The objective of this project is to prove that with at least 23 people randomly selected, we can achieve a 50-50 chance that at least 2 people share their birthday. And when we increase the list of 75 people, chances are 99.9%.
According to Wikipedia, The birthday paradox also known as the birthday problem - states that in a random group of 23 people, there is about a 50% chance that two people have the same birthday. In a room of 75, there’s even a 99.9% chance of two people matching. By the pigeonhole principle, the probability reaches 100% when the number of people reaches 367.
Real-world applications for the birthday problem include a cryptographic attack called the birthday attack, which uses this probabilistic model to reduce the complexity of finding a collision for a hash function, as well as calculating the approximate risk of a hash collision existing within the hashes of a given size of the population.
Before starting the project, let's go through some basics.
Let's calculate the probability of 2 people sharing the same birthday. Suppose we have person X & person Y. For brevity, we can ignore leap years. If we ask Person X first, then he can be born on any day of the year. So his probability is 1 (365/365). Coming back to person Y, he must be born on the same day as X, his probability is 1/365. We want both events to occur, let's multiply their probabilities for the combined occurrence. Total Probability of 2 people sharing the same birthday = (365/365)*(1/365) = 0.002739 Using complement theory, now let's calculate the probability of no one is sharing same birthday. We know the probability of at least 2 people sharing their birthday and probability of no one sharing their birthday covers almost all possible cases. Hence the sum of these 2 probabilities = 1 We can rewrite below formula as: P(at least 2 people shares birthday ) = 1 - P( no one sharing their birthday)

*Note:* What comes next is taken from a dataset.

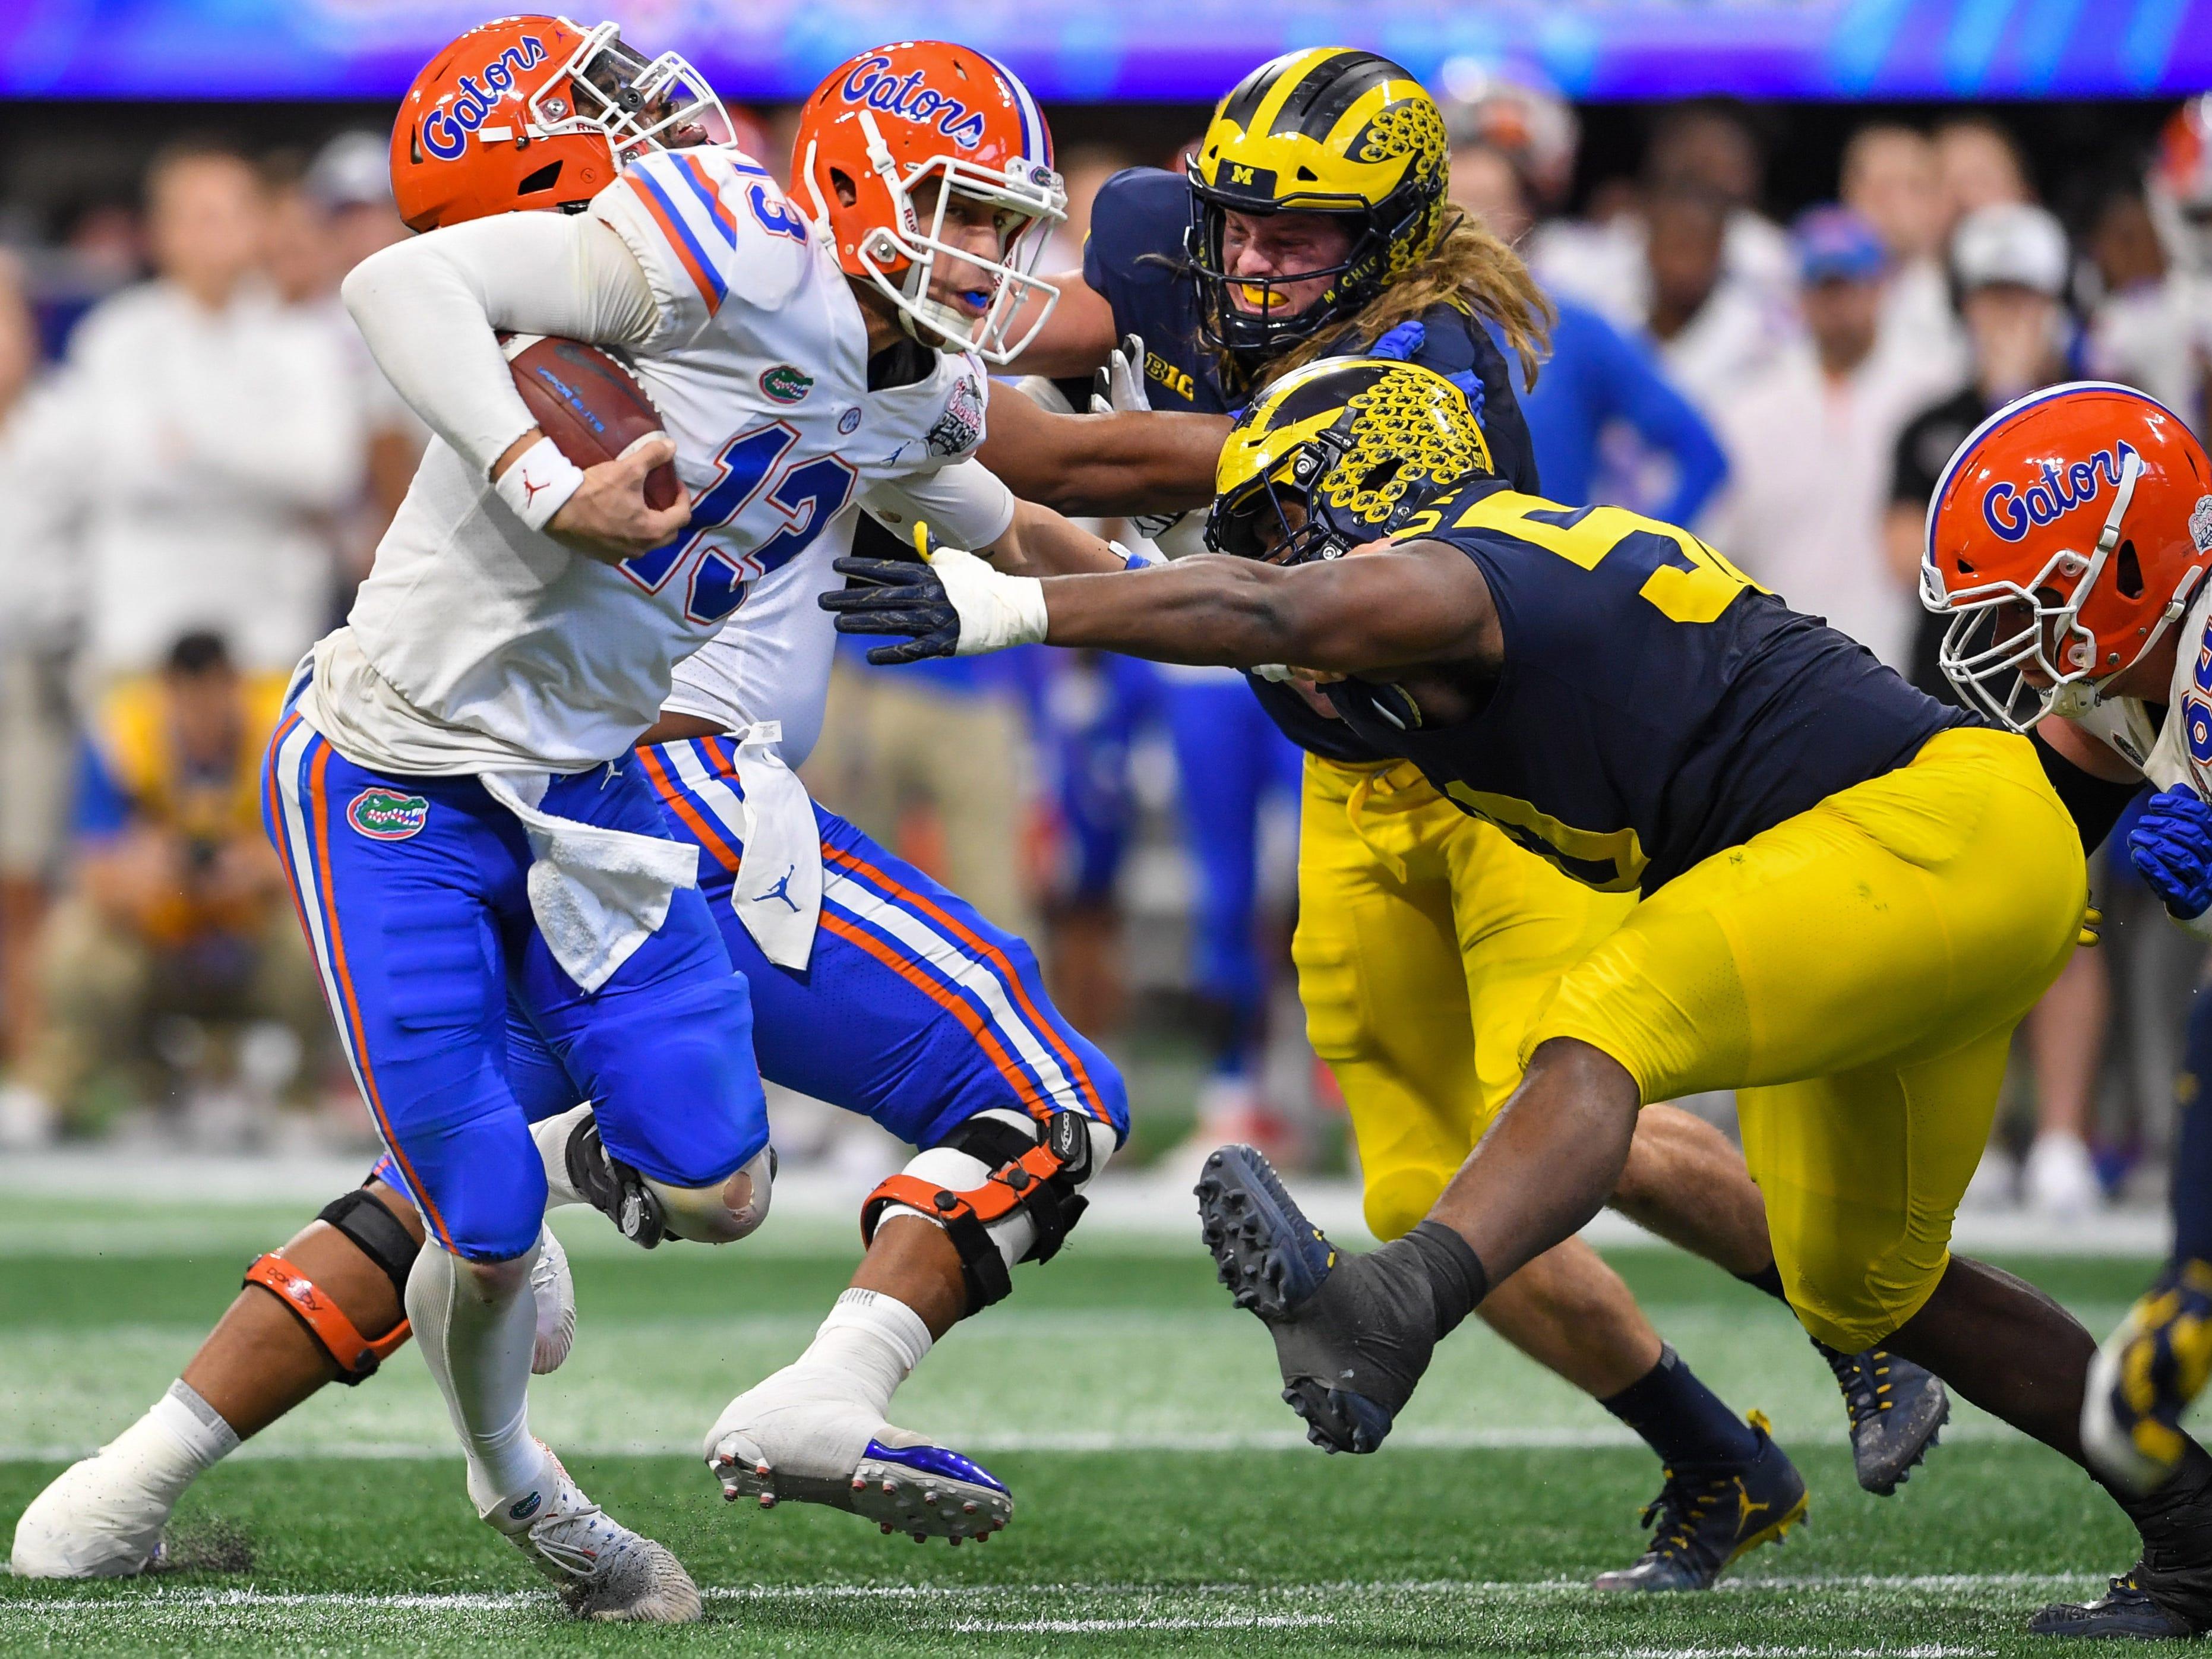 Florida quarterback Feleipe Franks runs against Michigan in the first half in the 2018 Peach Bowl at Mercedes-Benz Stadium.
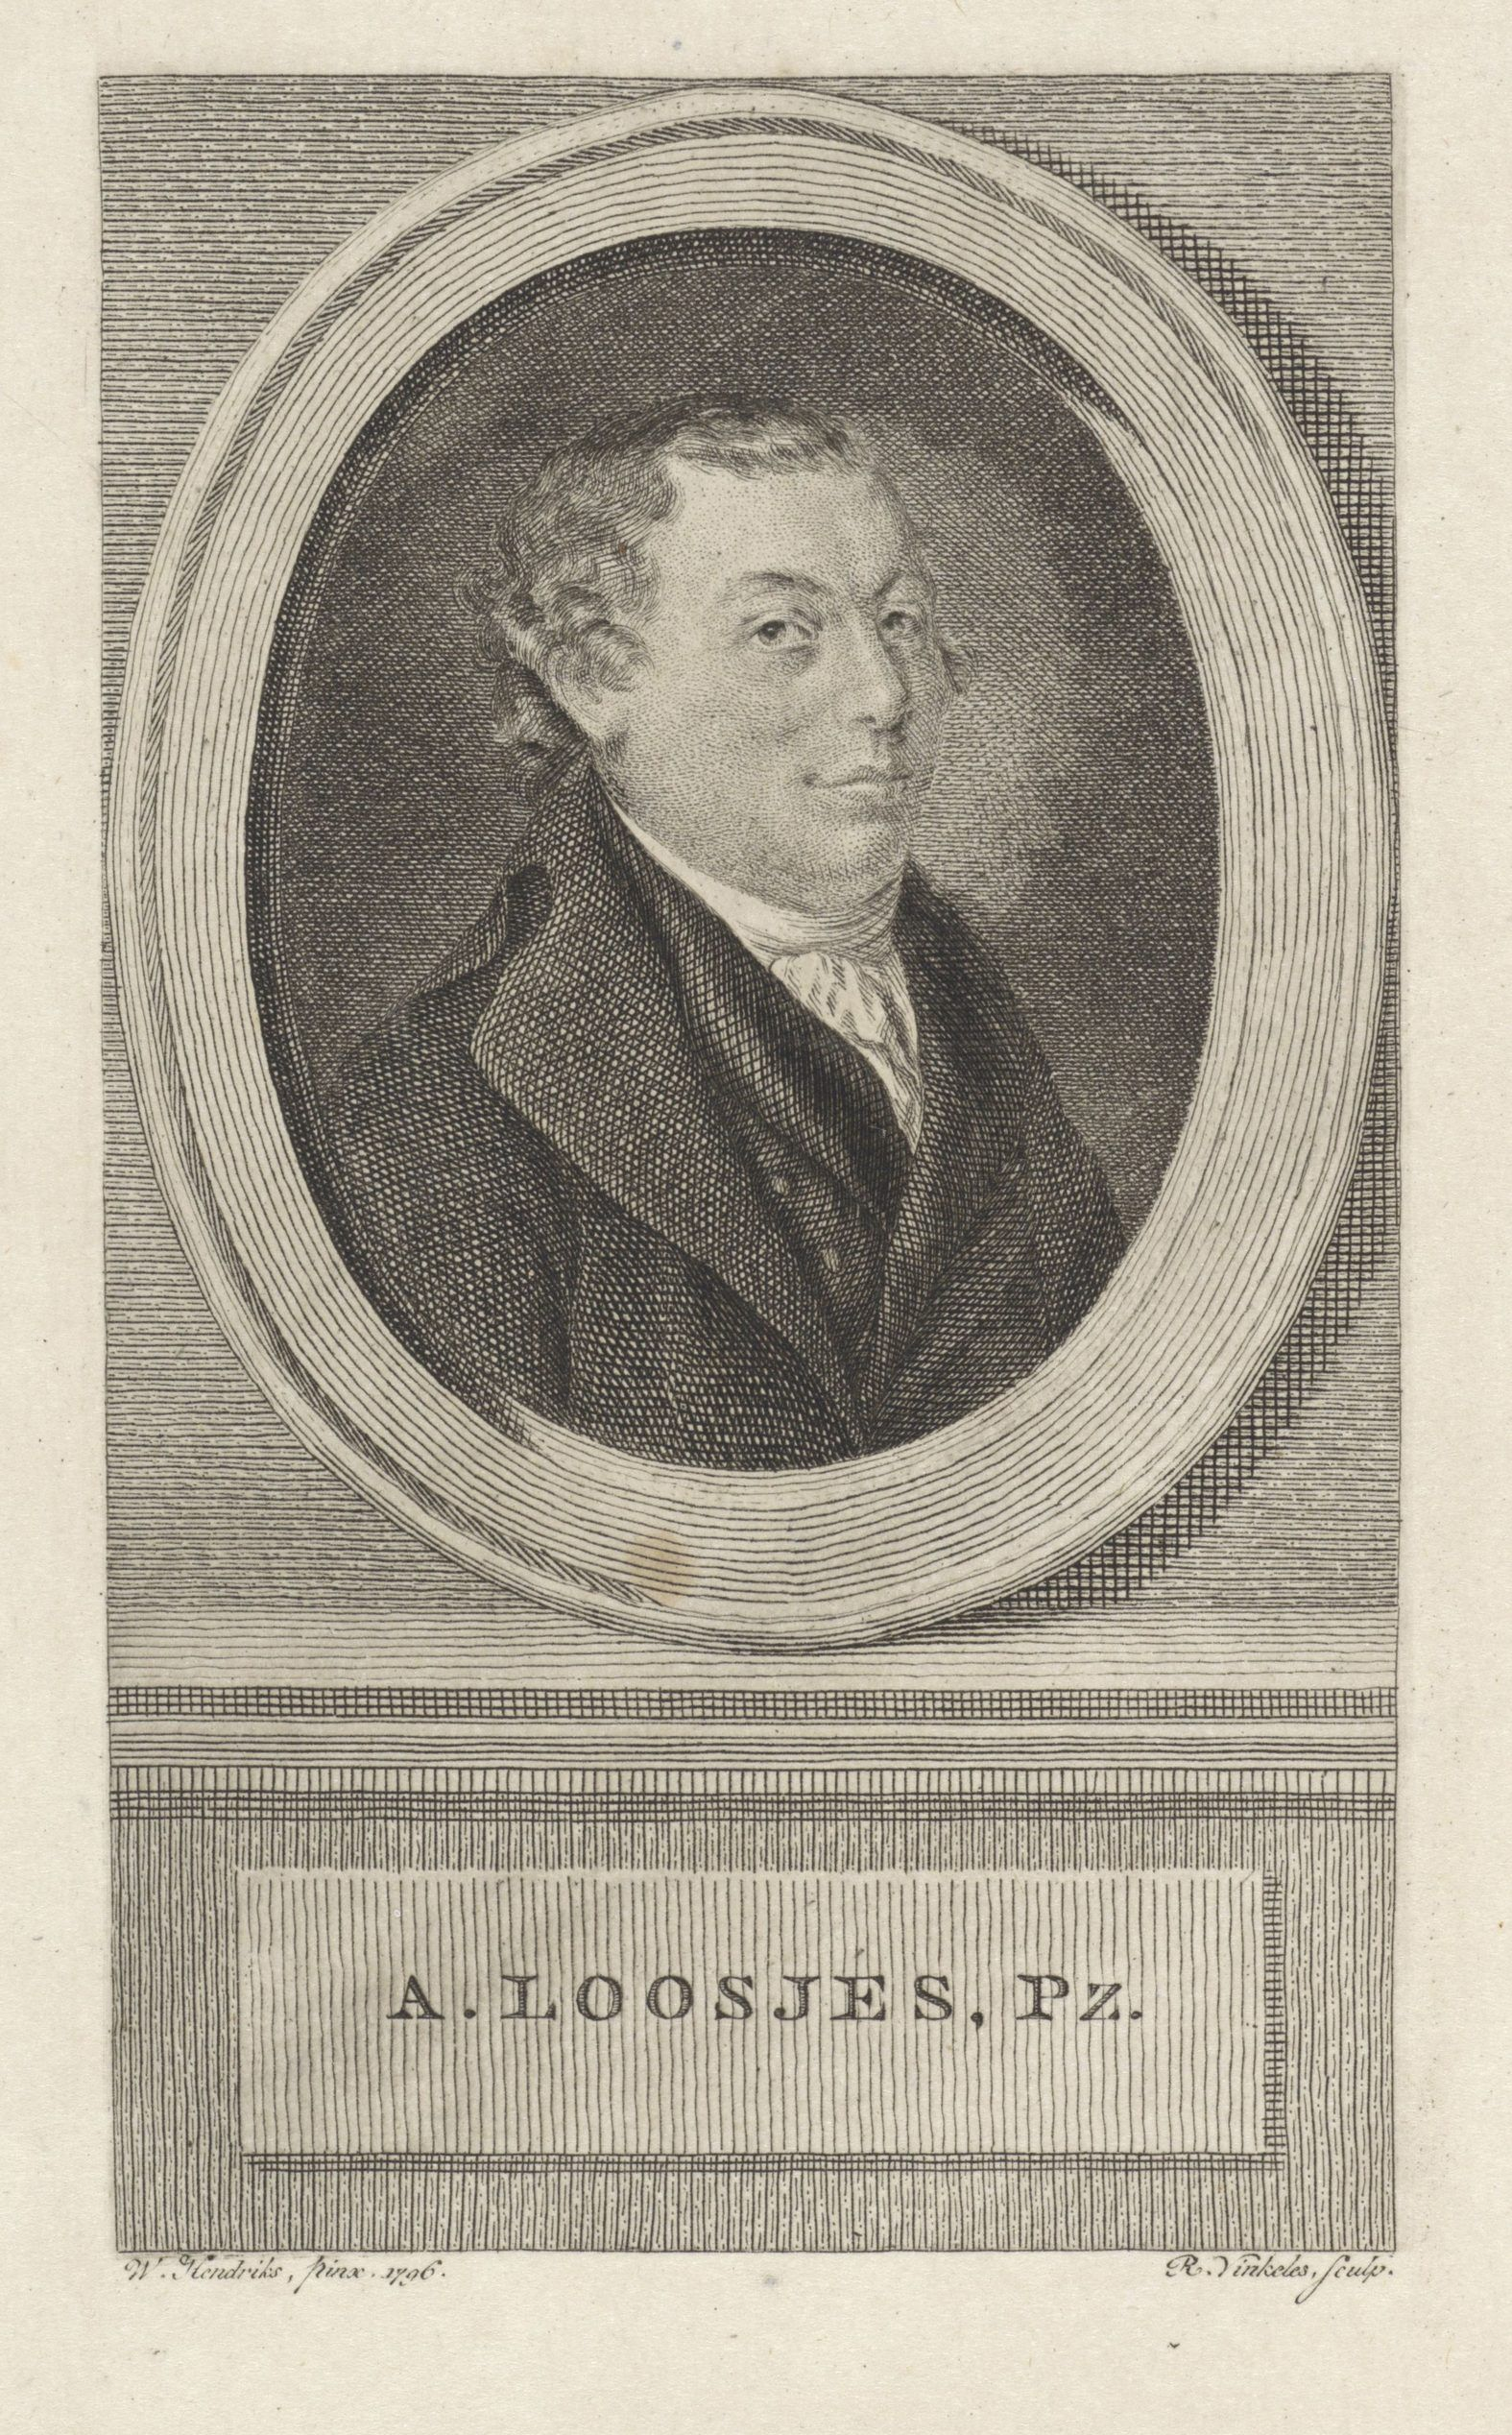 Adriaan Loosjes in 1796 (Reinier Vinkeles)

Computer with Internet Access
1. Create a dataset i.e. a simple spreadsheet or a CSV file. Use Google to study different scientists, artists, and mathematicians from the Renaissance period and note down your favorite people in the below format.
Artist Name, Birthday Leonardo da Vinci, Apr 15 Nicolaus Copernicus, Feb 19 and so on......
2. Let's work on an example of 30 artists: Randomly select 30 such artists with their birthdays.
3. Calculate the probability of at least 2 artists having the same birthday.
P (1st artist birthday) = 365/365 P (2nd artist birthday) = 364/365 P (3rd artist birthday) = 363/365 P (4th artist birthday) = 362/365 . . P (28th artist birthday) = 337/365 P (29th artist birthday) = 336/